Studio album by Swallow the Sun
- Released: August 24, 2005
- Recorded: 24 January – 20 February 2005
- Genre: Death-doom; melodic death metal; gothic metal;
- Length: 65:59
- Label: Firebox Records
- Producer: Swallow the Sun

Swallow the Sun chronology
| The Morning Never Came (2003) | Ghosts of Loss (2005) | Hope (2007) |

= Ghosts of Loss =

Ghosts of Loss is the second studio album by Finnish death-doom band Swallow the Sun, released on August 24, 2005. Compared with their debut, this album has more influences of gothic metal. Some of its themes are greatly influenced by the 1990-91 TV serial Twin Peaks.

Professional ratings
Review scores
| Source | Rating |
| Allmusic | Star Half star |

==Track listing==
All songs written by Juha Raivio.

| No. | Title | Length |
|---|---|---|
| 1. | "The Giant" | 11:56 |
| 2. | "Descending Winters" | 6:11 |
| 3. | "Psychopath's Lair" | 5:52 |
| 4. | "Forgive Her..." | 9:00 |
| 5. | "Fragile" | 7:14 |
| 6. | "Ghost of Laura Palmer" | 8:07 |
| 7. | "Gloom, Beauty and Despair" | 8:45 |
| 8. | "The Ship" | 8:54 |

==Personnel==
- Mikko Kotamäki - vocals
- Markus Jämsen - guitar
- Juha Raivio - guitar
- Aleksi Munter - keyboards
- Matti Honkonen - bass guitar
- Pasi Pasanen - drums

== Production ==
- Recorded, engineered & mixed by Sami Kokko.
- Mastered by Minerva Pappi.

== Chart positions ==

| Year | Chart | Peak |
|---|---|---|
| 2005 | Finnish Top 40 Albums Chart | 8 |

== Cultural references ==
The album contains multiple references to the TV series Twin Peaks.
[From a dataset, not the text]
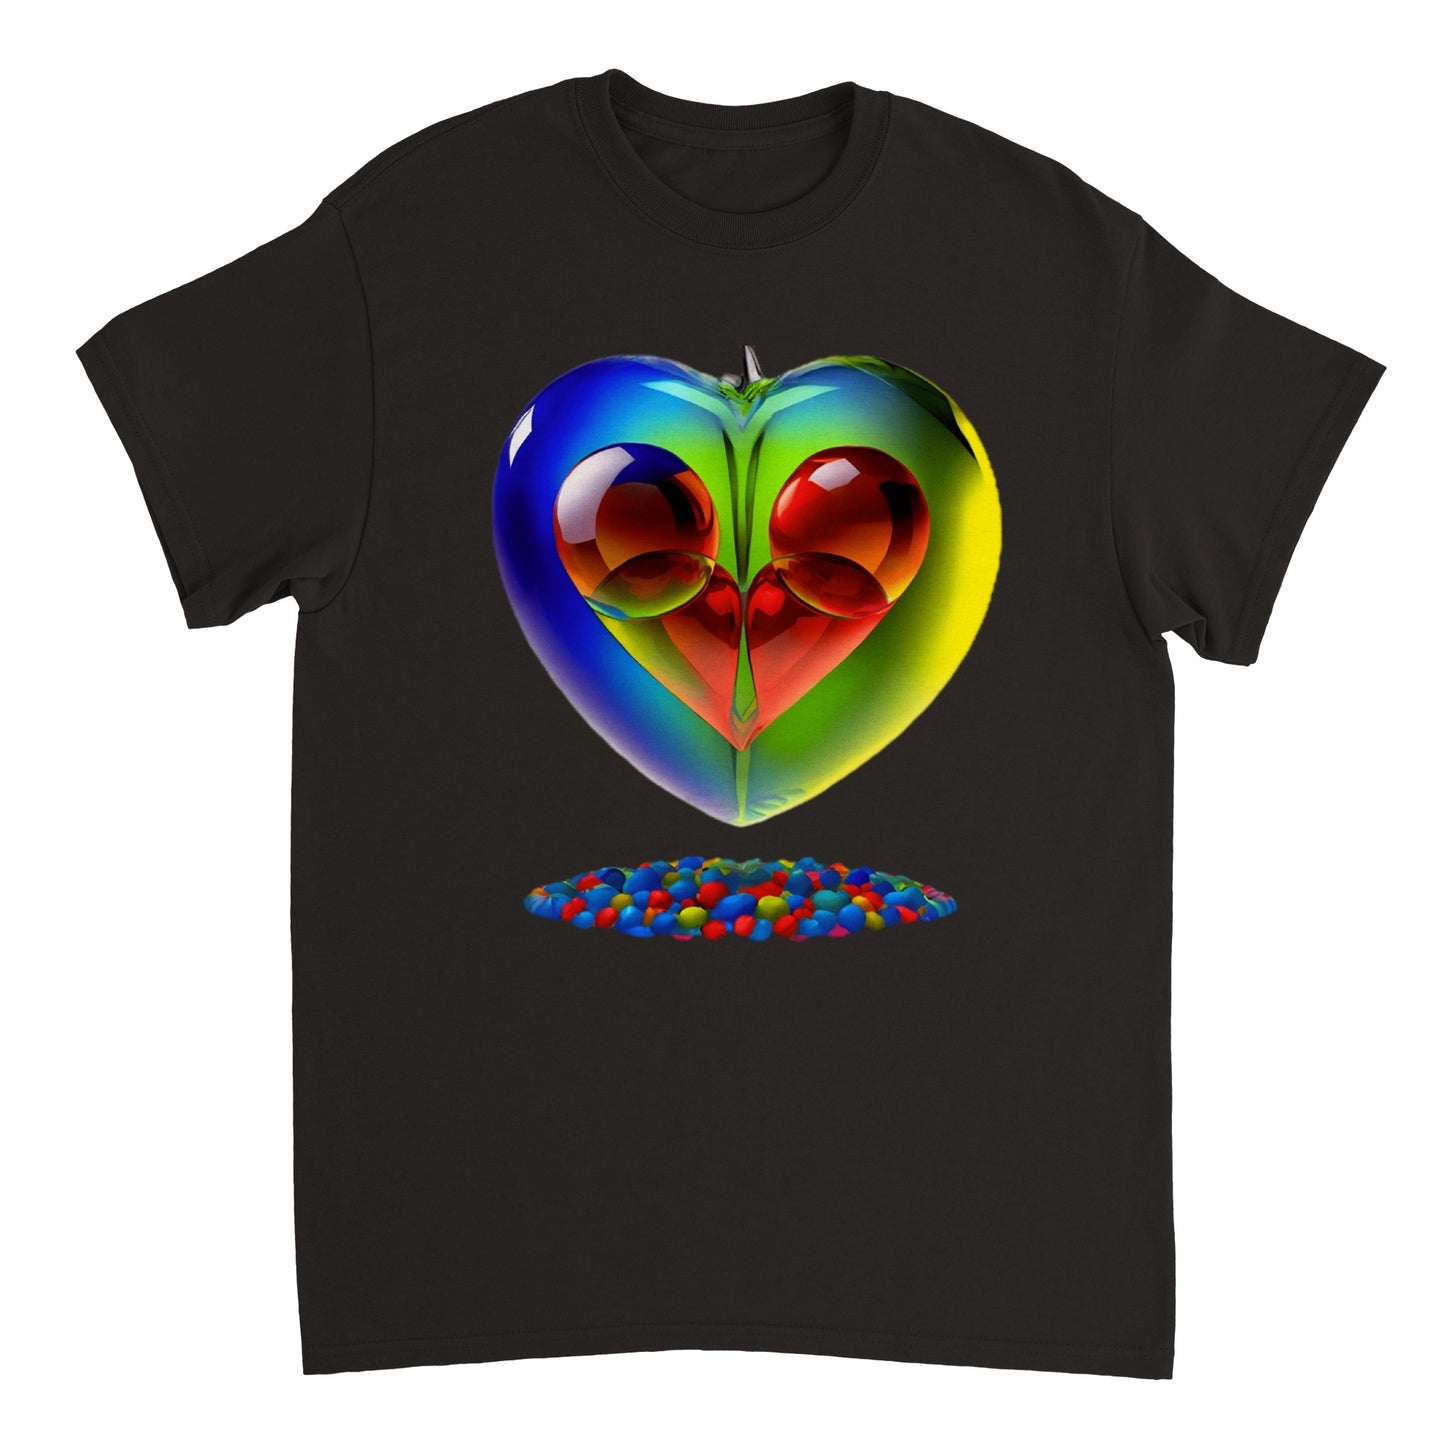 Love Heart - Heavyweight Unisex Crewneck T-shirt 76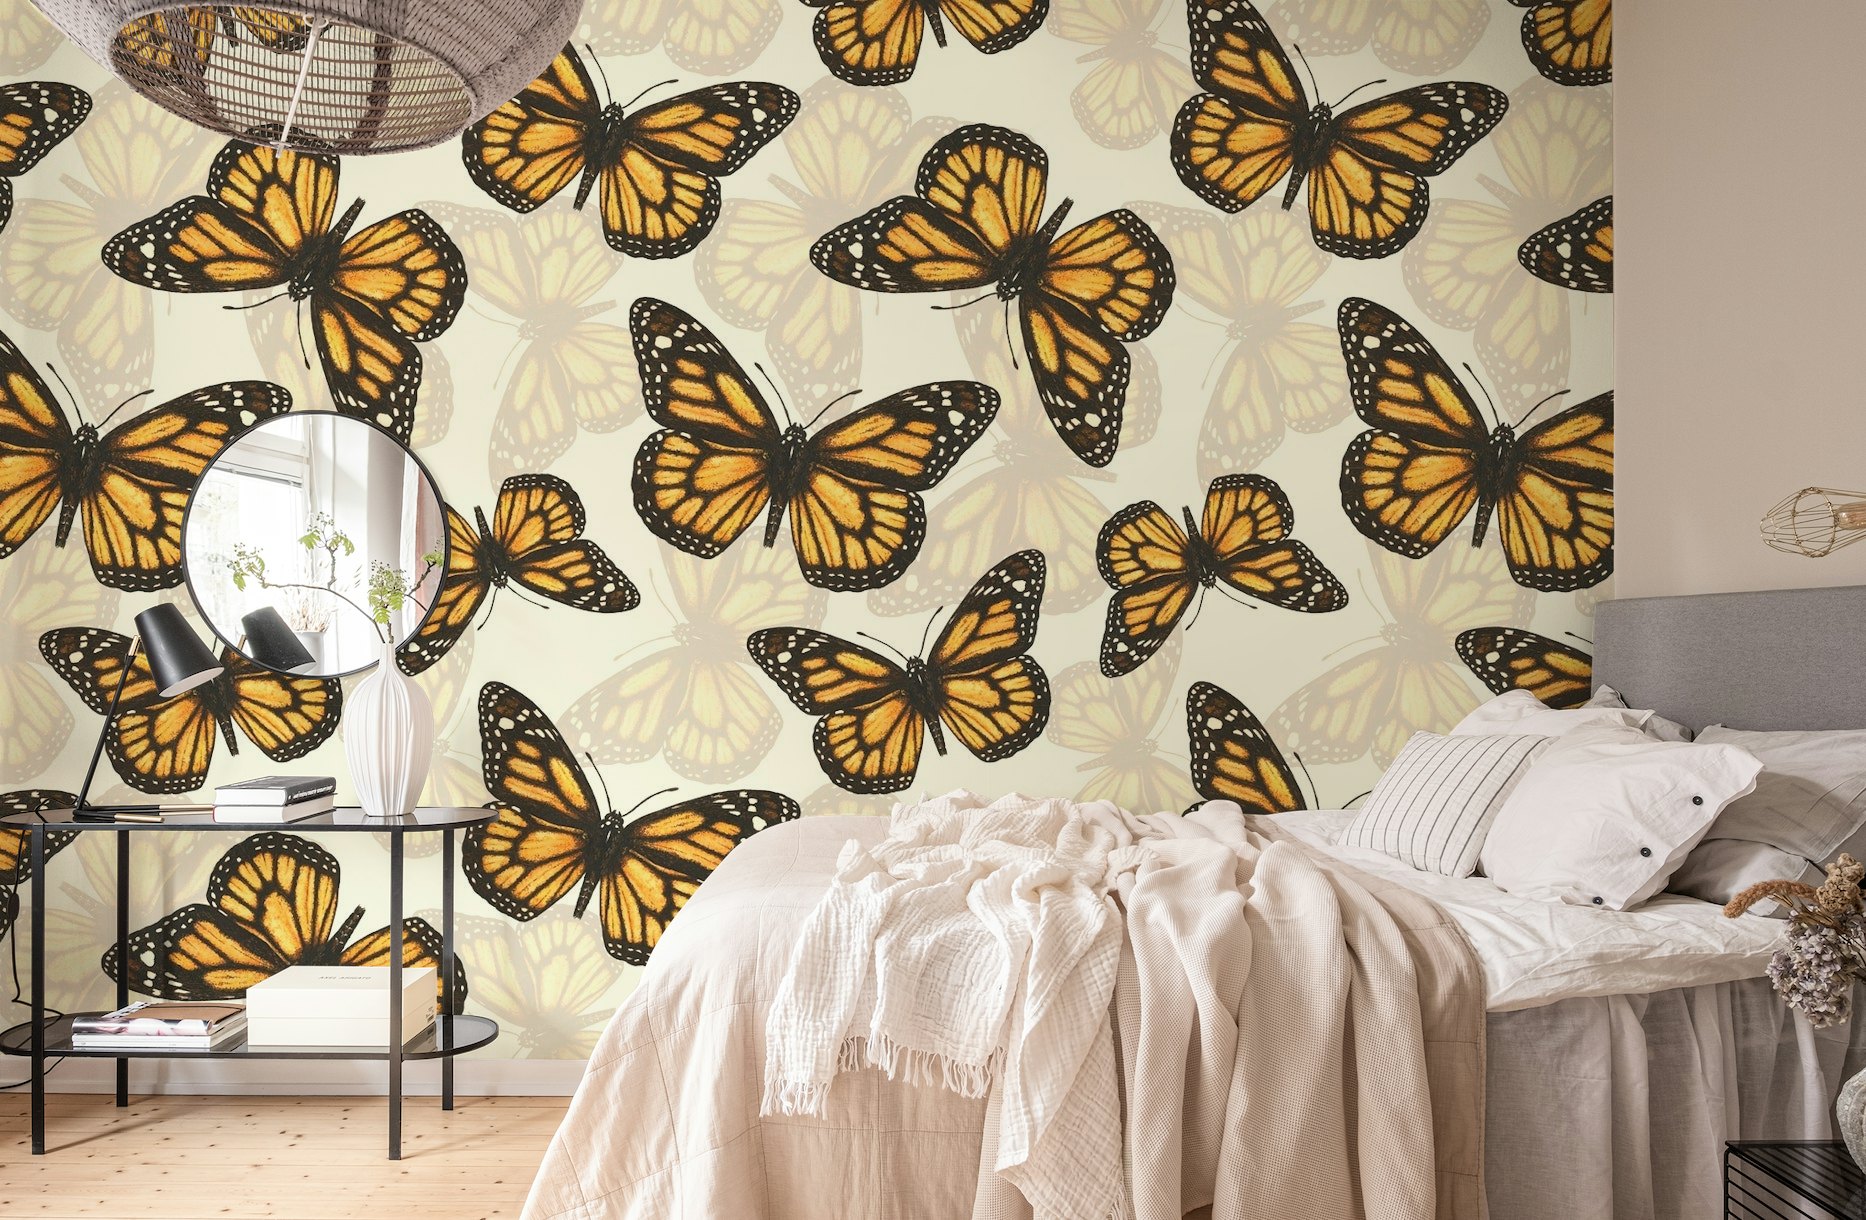 Monarch butterfly pattern wallpaper

Laura Palmer is the girl around whose murder the series revolves. Guitarist Juha Raivio said in an interview, "The song got nothing to do with real Laura Palmer or Twin Peaks, but the feeling is there and everybody knows what kind of girl Laura really was. So, no love song here." The Giant is a character from the second season.